From Equation (2), ${\rho }_e$ is equal to 1 or 0 indicating that the material of the cell is taken as the selected material or no material, respectively. Therefore, the configuration of the structure can be described by the relative density of the material of each cell. The design variables of the configuration design can be expressed as

$$\mathit{X}={({\rho }_1,{\rho }_2,...,{\rho }_{Nele})}^T$$

(3)

In order to obtain the results of the layout and the height-optimization design for the ribs of lightweighted mirror, an explicit parametric model considering the draft constraints was introduced for the cell relative density ${\rho }_e$ in the design domain.
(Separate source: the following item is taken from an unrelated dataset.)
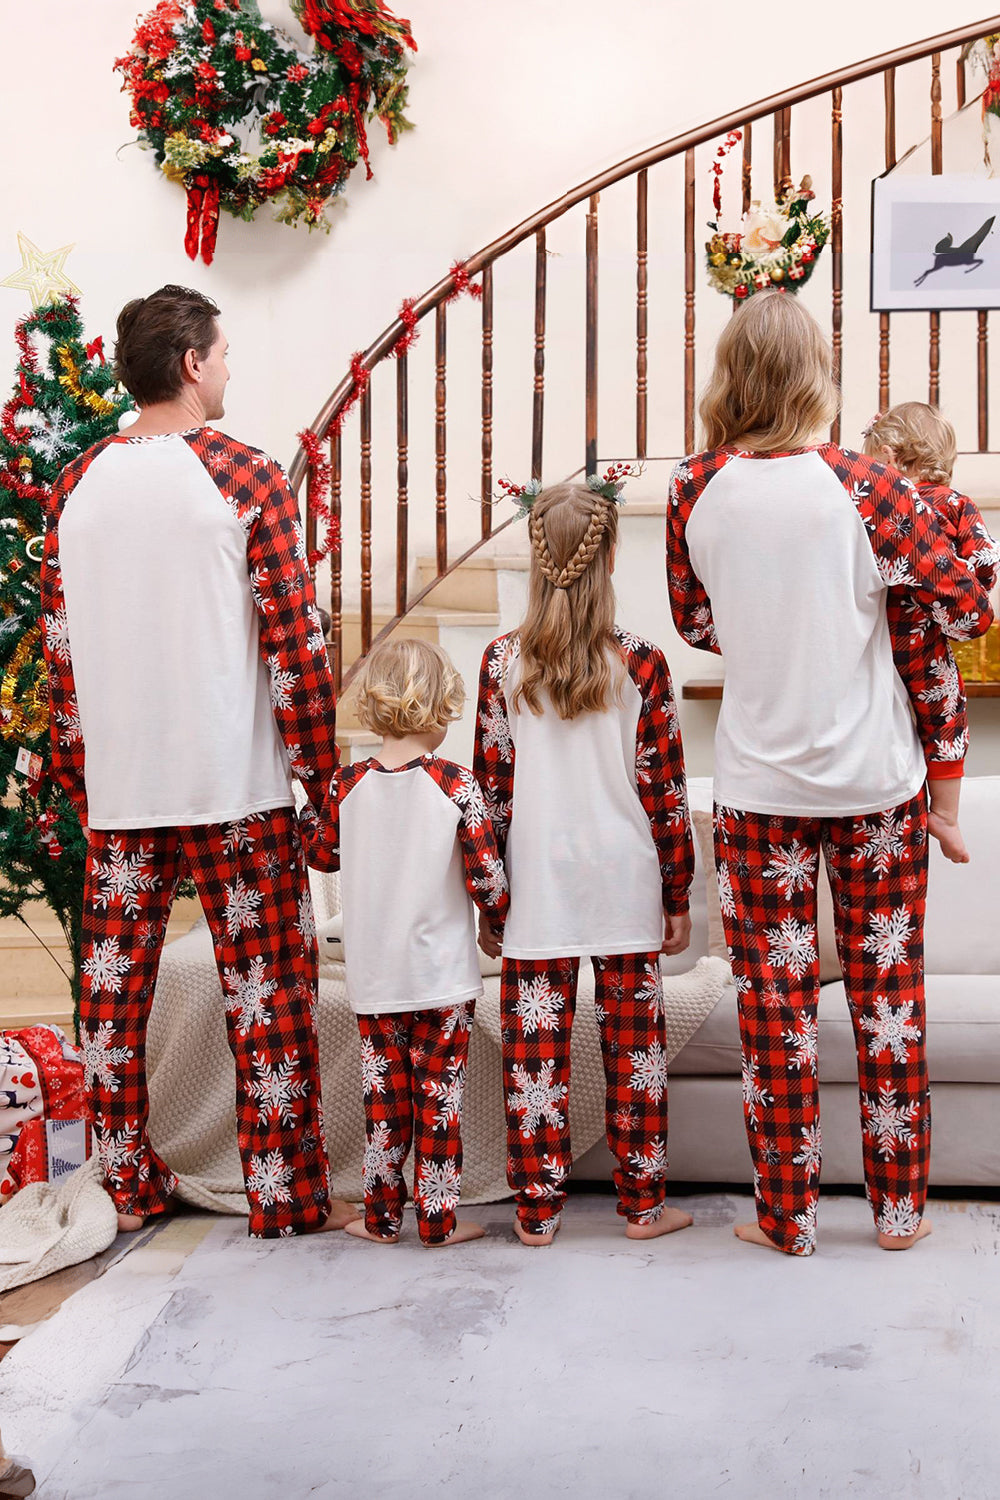 Pijama navideño familiar a juego a cuadros con copo de nieve

The idea of the model was: to take each string of units along the draft direction to establish a unit group and, in each unit group, to connect the variables, so that all the units in the group and the corresponding units on the base have the same unit relative density value, by the value of 0 or 1 to describe the layout of the reinforcing rib; at the same time, the Heaviside function with parameters in each unit group was introduced to describe the height of the reinforcing rib. The format of the parameterized unit relative density is shown in the following equation.

$${\rho }_e={\rho }_j\ast H(s_e,{\eta }_j),H(s_e,{\eta }_j)=\left\{\begin{array}{cc}1,\hfill & s_e<{\eta }_j\hfill \\ 0,\hfill & s_e\ge {\eta }_j\hfill \end{array}\right.,j=1,2,...,Neg$$

(4)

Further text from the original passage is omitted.